**Task goal:** Copy out exactly, from the entries that follow, the line holding "article : Avec", the line holding "Excelente calidad de", and all lines between them, but no pictures.

**Given data:**

***

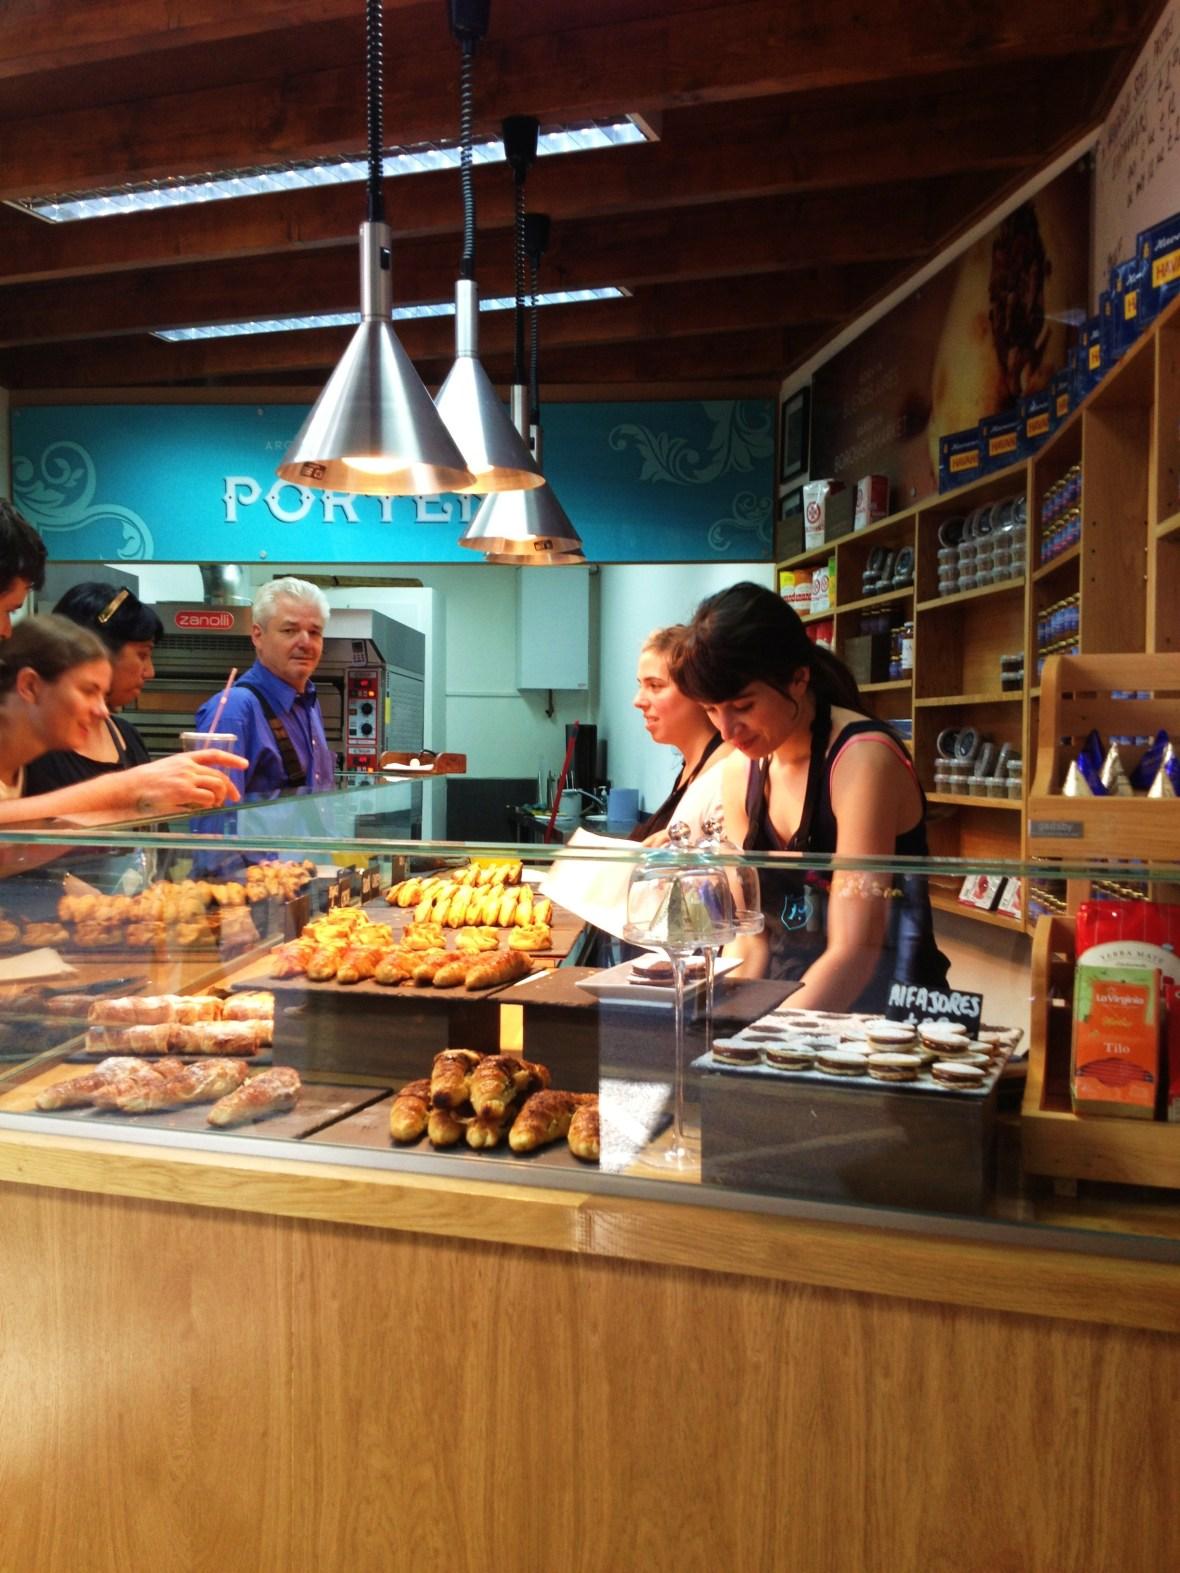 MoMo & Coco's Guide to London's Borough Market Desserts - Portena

***

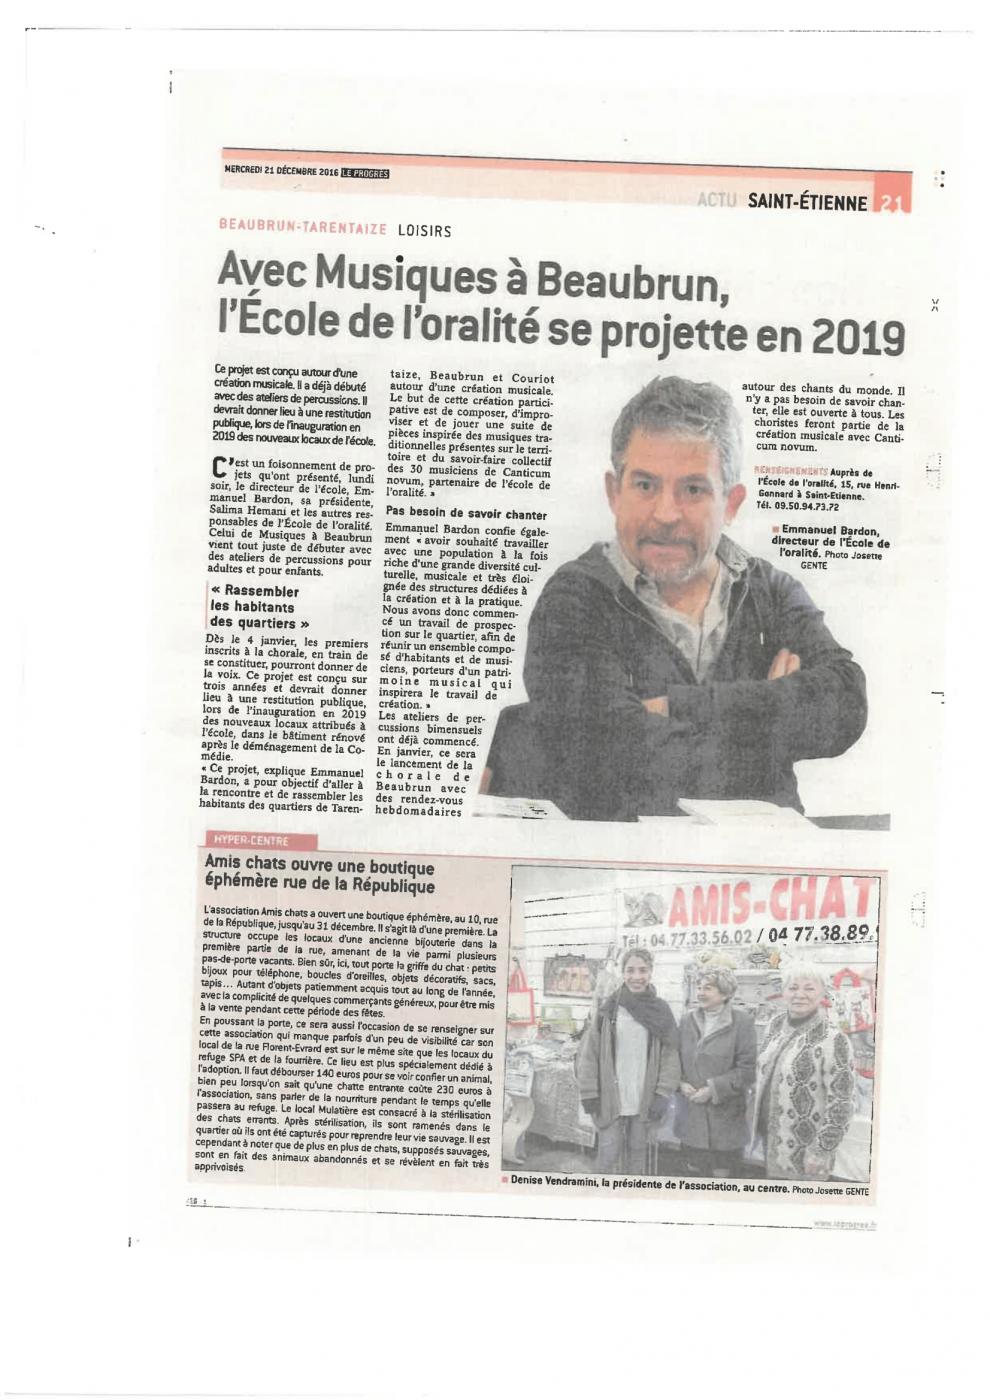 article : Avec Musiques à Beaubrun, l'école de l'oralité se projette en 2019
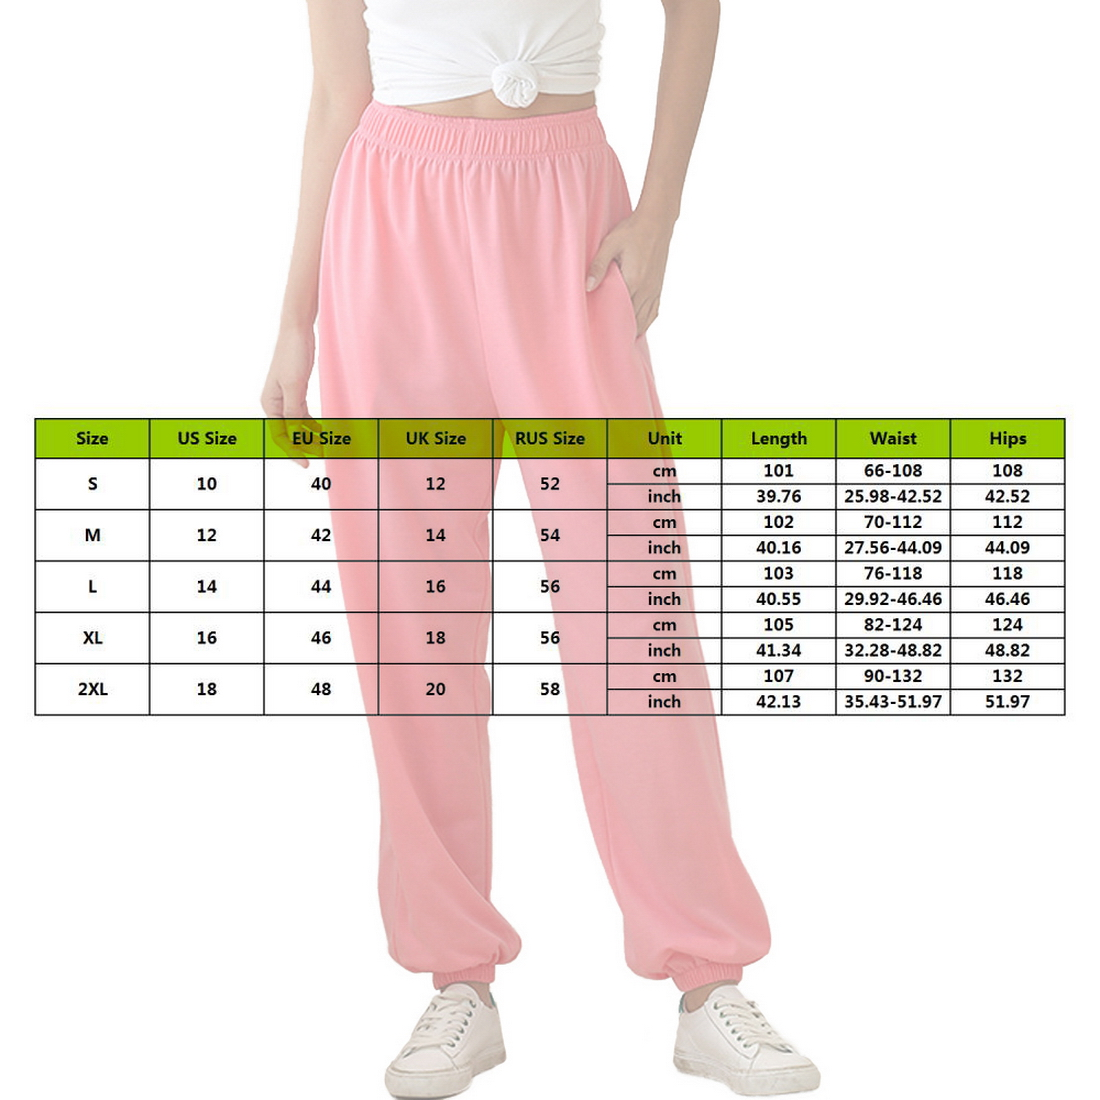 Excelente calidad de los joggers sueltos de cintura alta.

***

**Finished task:**
 article : Avec Musiques à Beaubrun, l'école de l'oralité se projette en 2019
 Excelente calidad de los joggers sueltos de cintura alta.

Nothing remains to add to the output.